Captain John Overton Cone Orton (30 August 1889 – May 1962) was a British screenwriter.

== Early life and military service ==
Orton was born in St. John's Wood, London in 1889 and lived in Larchmont, New York, USA for a brief period of his childhood. In 1909 he joined the Norfolk Regiment of the British Army. In 1918 Orton was awarded with the Military Cross, and was included in the 1919 Birthday Honours when he was awarded the Air Force Cross.

== Film career ==
He was a head of the story department for Gaumont-British and was known for writing comedy scripts for such stars as Will Hay, Jack Hulbert and Arthur Askey. He also wrote various dramas and directed five movies. His final credit was as co-writer of fellow Gaumont alum Alfred Hitchcock's short war propaganda film Bon Voyage.

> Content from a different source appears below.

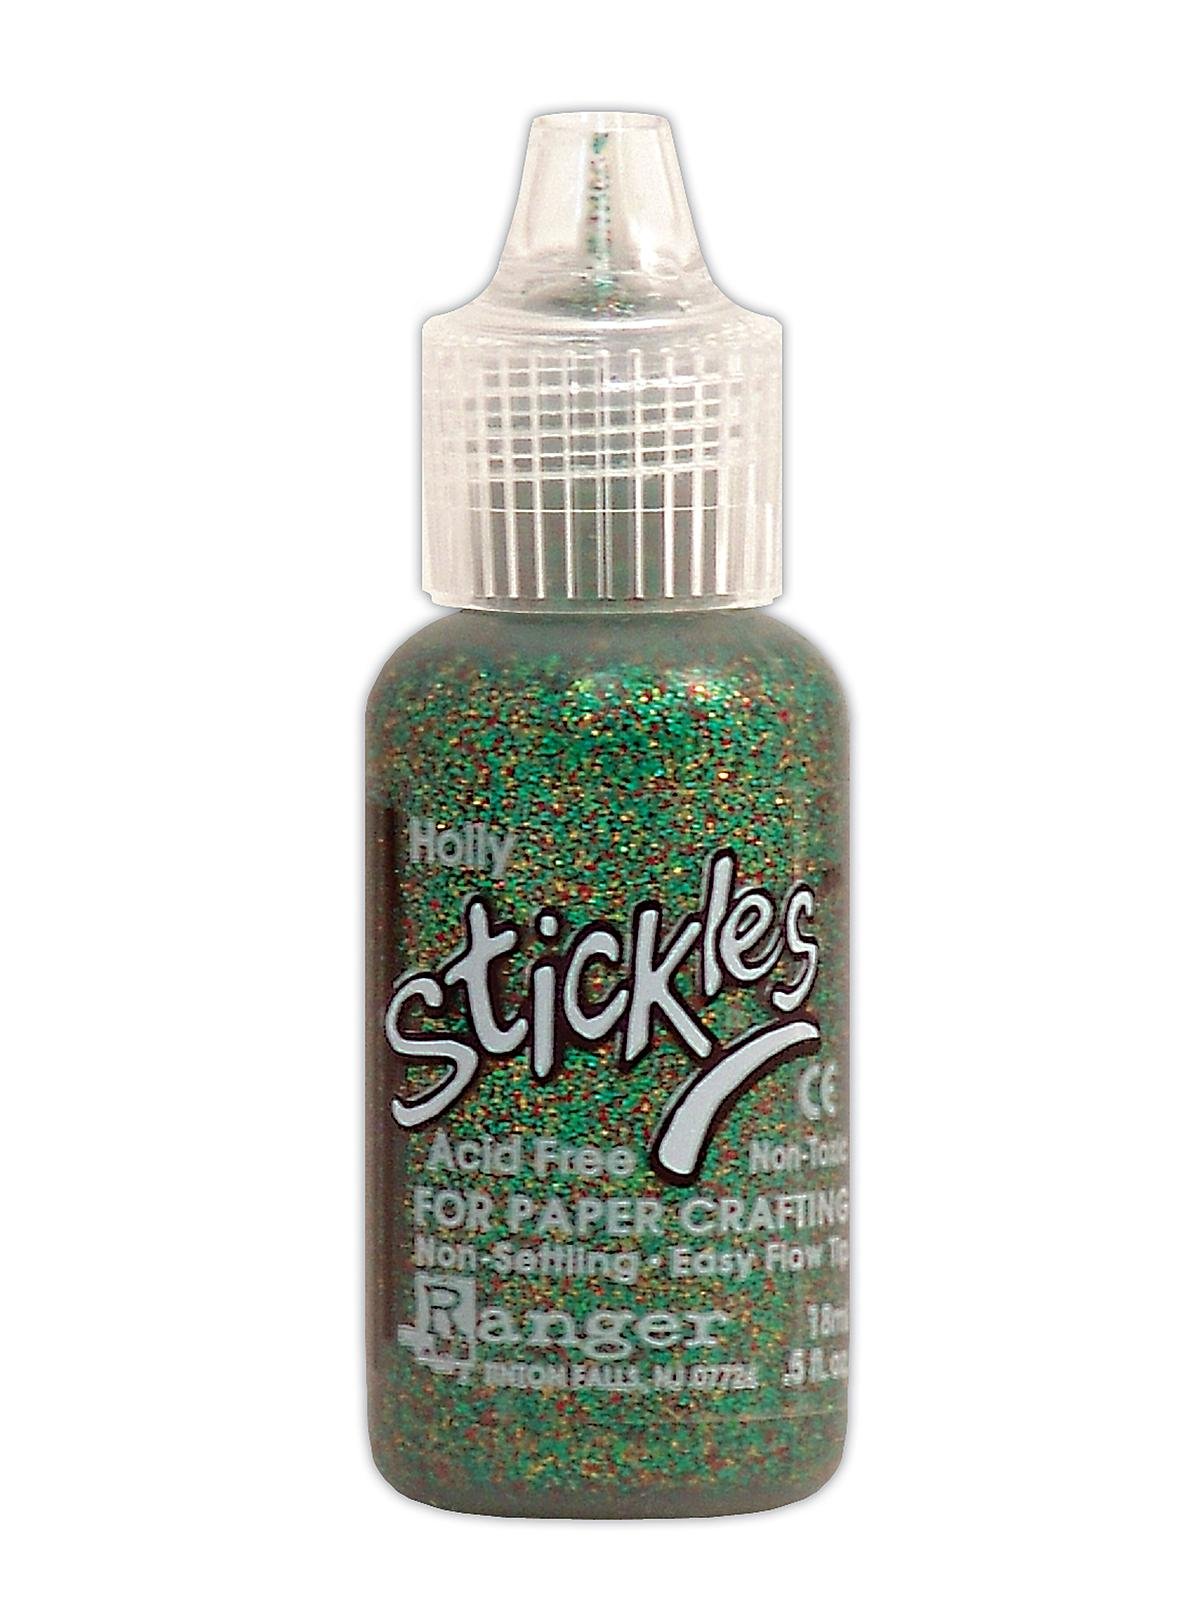 Ranger Stickles Glitter Glue - 18ml Bottle - Any 1 Colour

Val Guest called him "a charming, rather boring, fellow – there was nothing wrong with him, he wasn’t a very creative person unless he’d sold a story and came to work on the thing, but we never sat on a story with Joc and wrote...He was an ideas man, but not a very good one. They would sometimes say to Joc Orton, how he got his credits was, they’d say while we were working on something, Ted would call him or Frank “See if you can get something on the bus service, someone running a pirate bus” and Joc would go away and write a treatment, and the treatment when it came down to us, if it was one for us, … we would read it and say, “Yes its an idea, but that’s fucking awful and that needs more, and Ted would say “Kick it around.”, and we would take the script from there. And do the rewrites. Joc mostly did treatments of ideas they flung at him."
==Select credits==
- Windjammer (1930)
- Creeping Shadows (1931)
- After the Ball (1932)
- Leave It to Smith (1933)
- Soldiers of the King (1933)
- Brown on Resolution (1935)
- Bulldog Jack (1935)
- Turn of the Tide (1935)
- The Flying Doctor (1936) - also editor
- Jack of All Trades (1936)
- Everything Is Thunder (1936)
- Non-Stop New York (1937)
- Oh, Mr Porter! (1937)
- Mr. Satan (1938)
- It's in the Blood (1938)
- Many Tanks Mr. Atkins (1938)
- Inspector Hornleigh Goes To It (1941)
- Cottage to Let (1941)
- Hi Gang! (1941)
- For Those in Peril (1944)
- Bon Voyage (1944)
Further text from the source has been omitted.